According to the dbSNP (NCBI) database, the Cys61Gly mutation is currently described under number rs28897672 as an A→C transversion at position 43106487 on chromosome 17. The different nomenclature of the rs28897672 (A→C transversion) compared to the nomenclature of mutations within the gene (T→G transversion) is due to the fact that the BRCA1 gene is located on the chromosome in the opposite orientation to the chromosome numbering. The wild-type allele has adenine (A) at the polymorphic site. The mutated allele has cytosine (C). At the DNA level, the mutation involves the replacement of thymine with guanine, resulting in the replacement of the amino acid cysteine with glycine at position 61 of the BRCA1 protein. Other alternative names for the Cys61Gly mutation are c.181T>G, 300T>G, and C61G.
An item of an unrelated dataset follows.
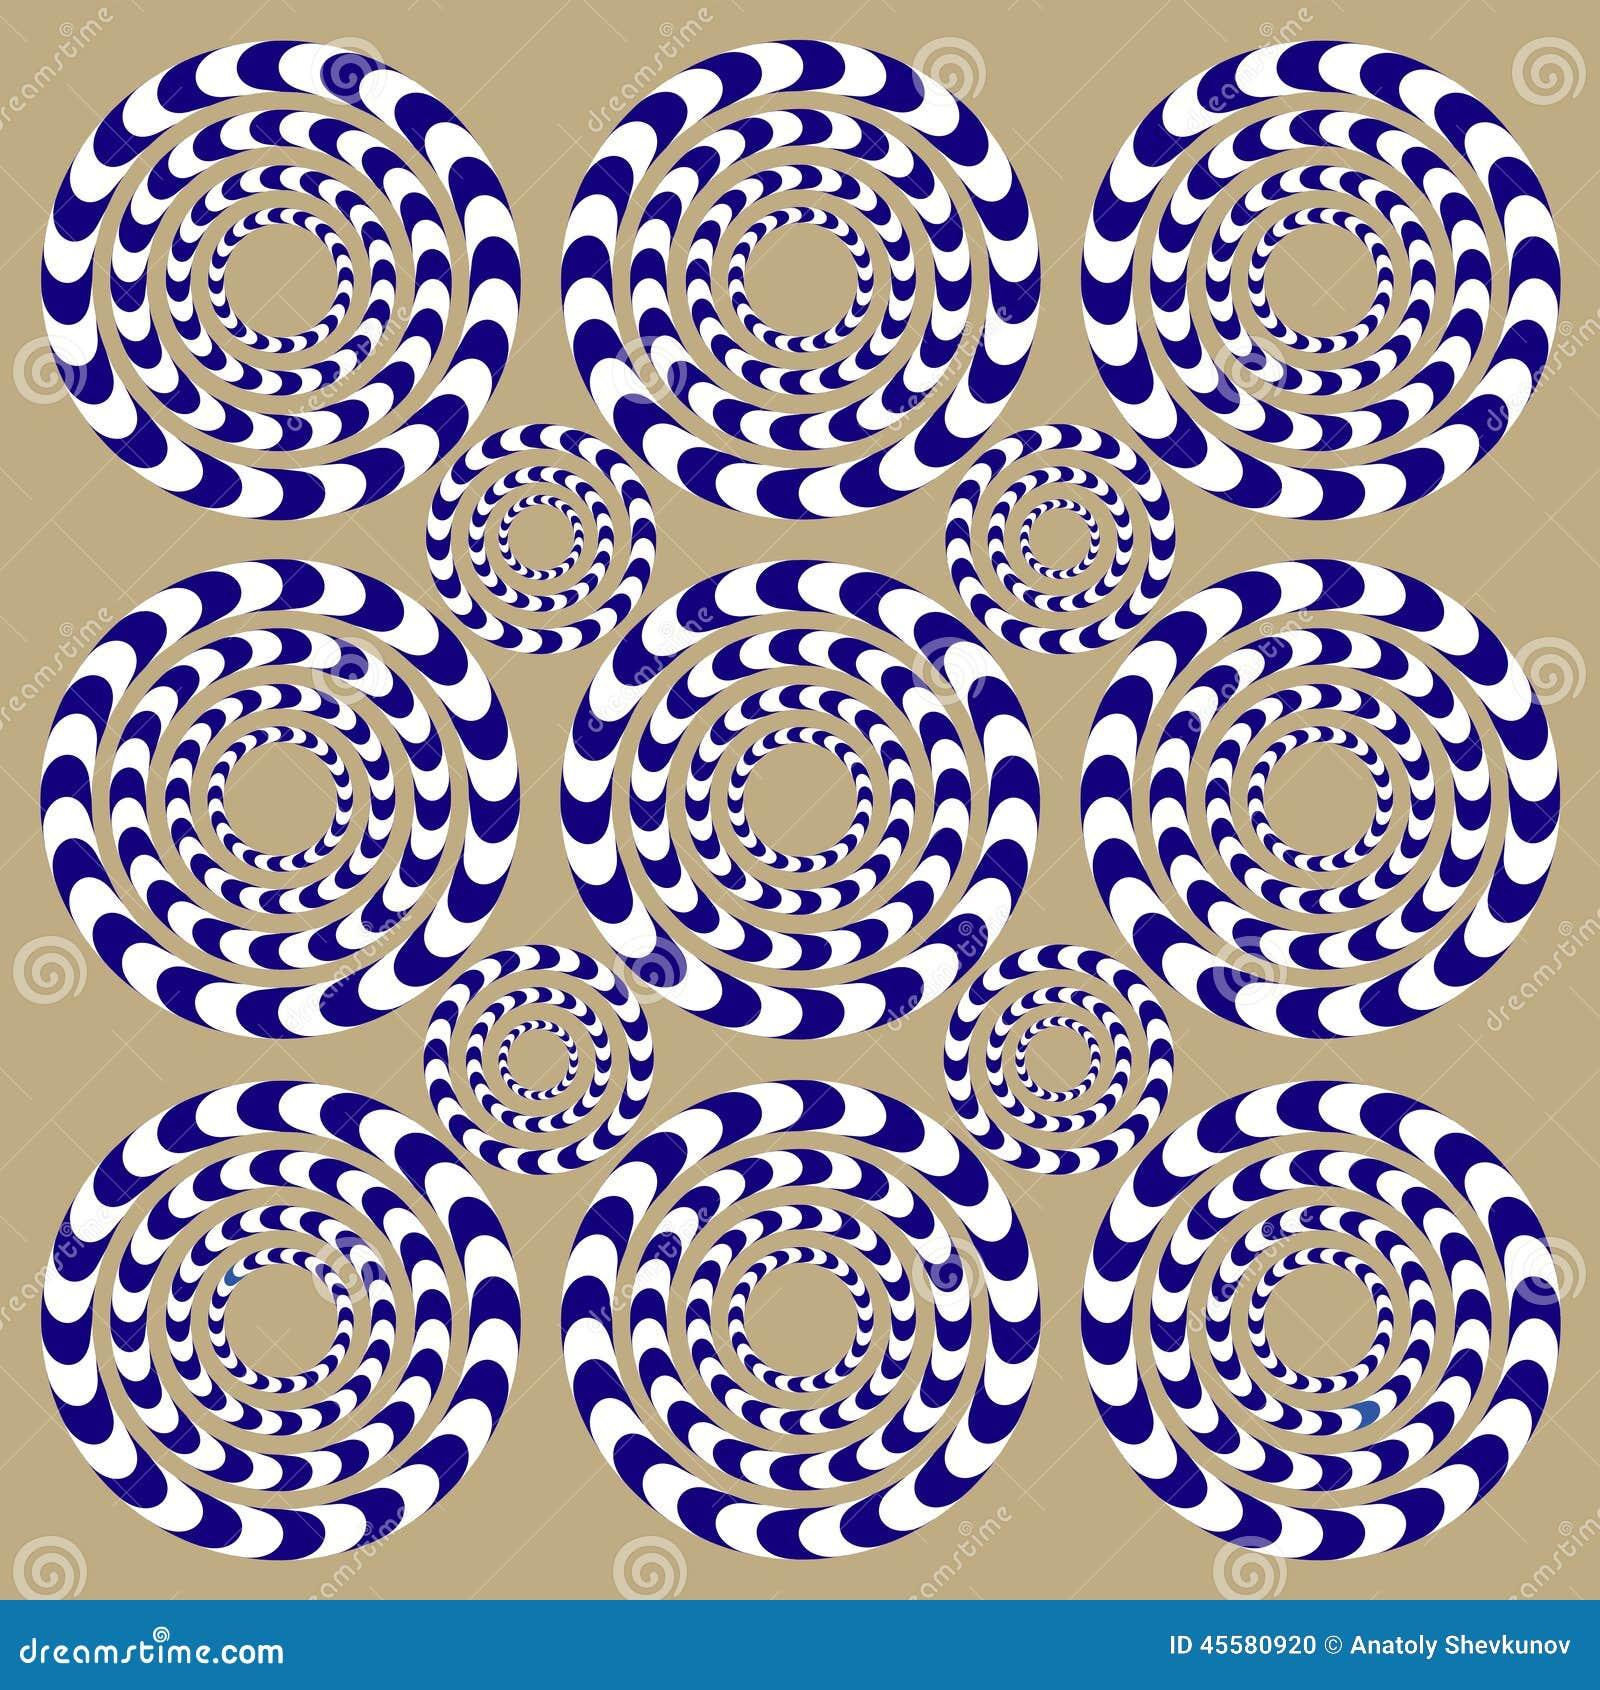 Закрутка объезжает (иллюзия)

The Cys61Gly mutation is a missense mutation occurring within the region encoding the RING-type zinc finger motif. The RING motif contains eight conserved amino acids in the form of cysteine and histidine, forming two binding sites for Zn2+ zinc ions. The Cys61Gly mutation removes one of these sites and thus disrupts the formation of the BRCA1 protein homodimer. In the Polish population, the Cys61Gly mutation accounts for approximately 20% of all mutations observed in the BRCA1 gene.